MDL-001 targets the Thumb-1 domain of viral ribonucleic acid (RNA)-dependent RNA polymerases (RdRp), a structurally conserved site across multiple RNA virus families. The drug candidate has demonstrated in vitro efficacy across respiratory viruses (respiratory syncytial virus (RSV), SARS-CoV-2, and influenza), hepatic viruses (hepatitis C virus (HCV), hepatitis B virus (HBV), and hepatitis D virus (HDV), and gastrointestinal viruses (norovirus).

Model Medicines has also reported that MDL-001 demonstrated preclinical equivalence to Gilead’s remdesivir in SARS-CoV-2 animal models and to Gilead’s sofosbuvir in HCV models. It also reported superiority to Pfizer’s nirmatrelvir based on comparative analyses of antiviral activity against SARS-CoV-2 in preclinical models.

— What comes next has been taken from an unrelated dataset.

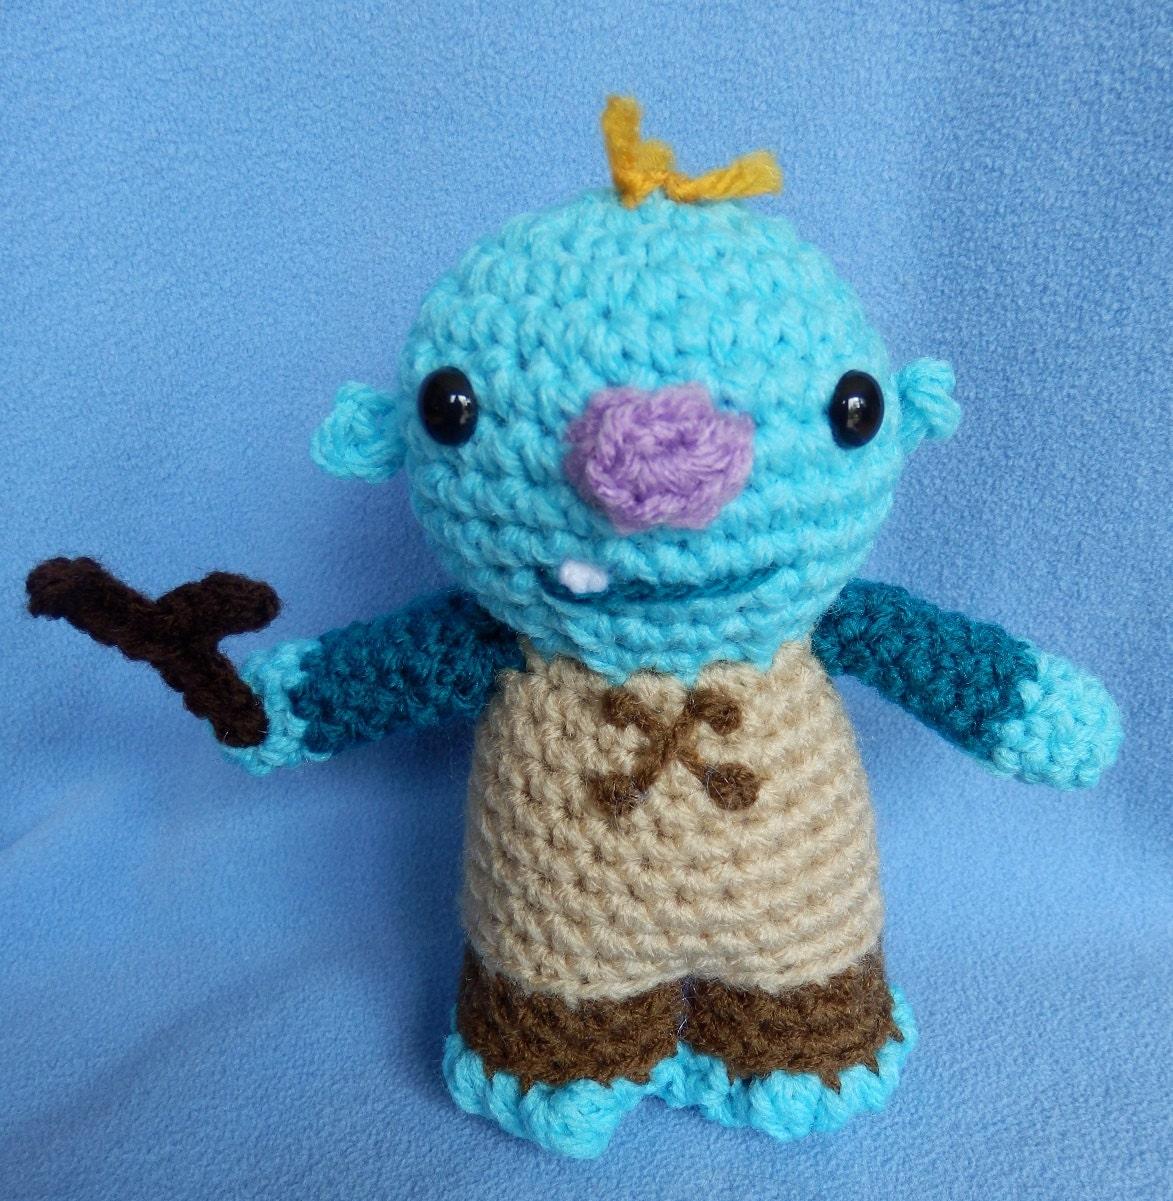 Amigurumi Doll Hands : Set of Two Made to Order Hand crocheted Wallykazam like ...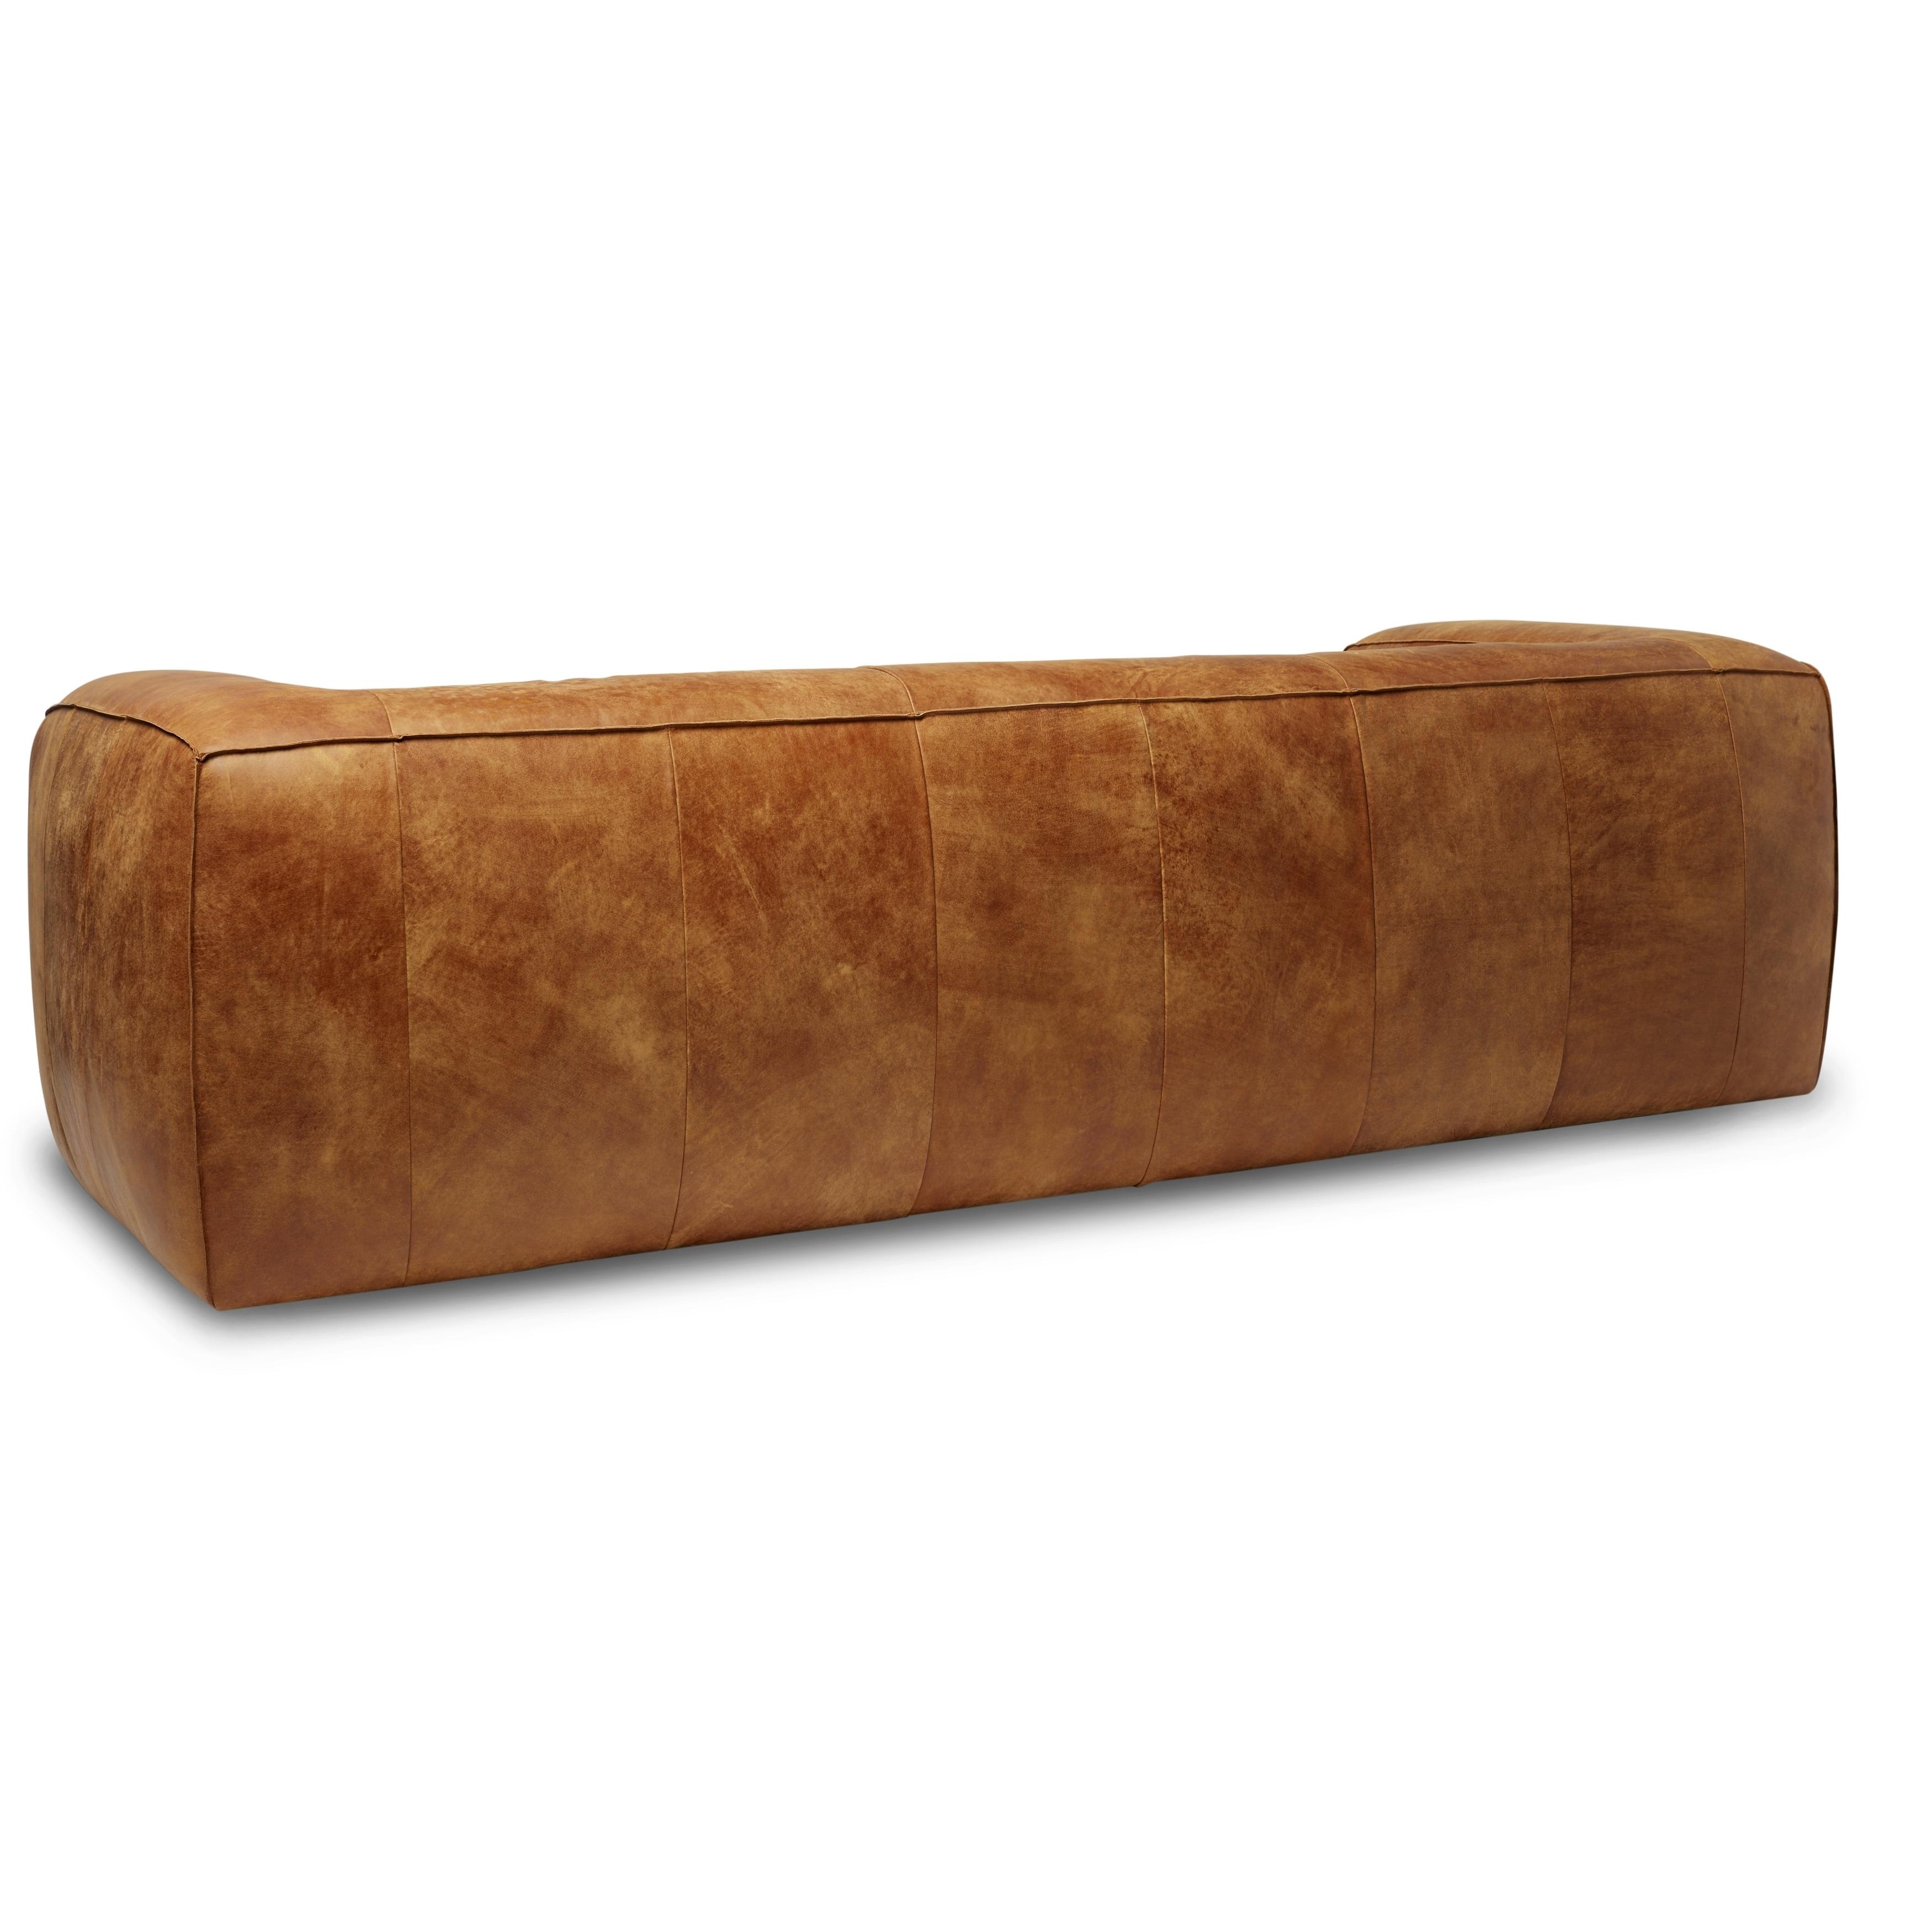 Miraculous Strick Bolton Diva Outback Bridle Italian Leather Sofa Customarchery Wood Chair Design Ideas Customarcherynet

Abigail Harris, Infectious Disease Analyst at GlobalData, comments: “Direct-acting antivirals have transformed outcomes in HCV, with most patients now able to achieve a functional cure. However, greater unmet needs remain in HBV, and particularly HDV, an infection that only occurs in those already infected with HBV.”

HBV therapy currently remains largely suppressive rather than curative and often requires long-term administration, although several functional cure components are currently in late-stage development. Additionally, HDV infection continues to be associated with poorer liver-related outcomes and limited approved treatment options.

According to GlobalData’s Pipeline Products Database, there are several early-stage pipeline products—aside from MDL-001—that are in development for both HBV and HCV infections, including UBI Pharma’s UB-551 and Bolder Biotechnology’s BBT-012, both in preclinical development. However, many investigational approaches continue to explore interferon-based or immune-modulating strategies.

Harris continues: “Model Medicine’s single oral direct-acting antiviral demonstrating activity across HCV, HBV, and HDV, including co-infection models, represents a differentiated approach, particularly in terms of addressing unmet needs for patients infected with more than one hepatic virus.”

Beyond hepatic infections, MDL-001’s reported activity against respiratory viruses such as RSV, SARS-CoV-2, and influenza may carry strategic implications. In respiratory settings, broad-spectrum antiviral activity could support early empiric treatment when the specific viral pathogen has not yet been confirmed, or in cases where patients are co-infected with more than one virus. Such versatility may offer advantages during seasonal surges or outbreak scenarios, where rapid therapeutic deployment is critical.

Harris concludes: “Broad-spectrum antiviral development has long been a goal in infectious disease research and development (R&D), particularly in the context of pandemic preparedness and chronic viral burden. A single oral agent demonstrating activity across multiple viral families could also be viewed favourably in government stockpiling strategies, where therapeutic flexibility and rapid deployability are key considerations. While MDL-001 remains in preclinical development, its breadth of reported activity positions it as a programme to watch as it advances toward IND submission and clinical evaluation.”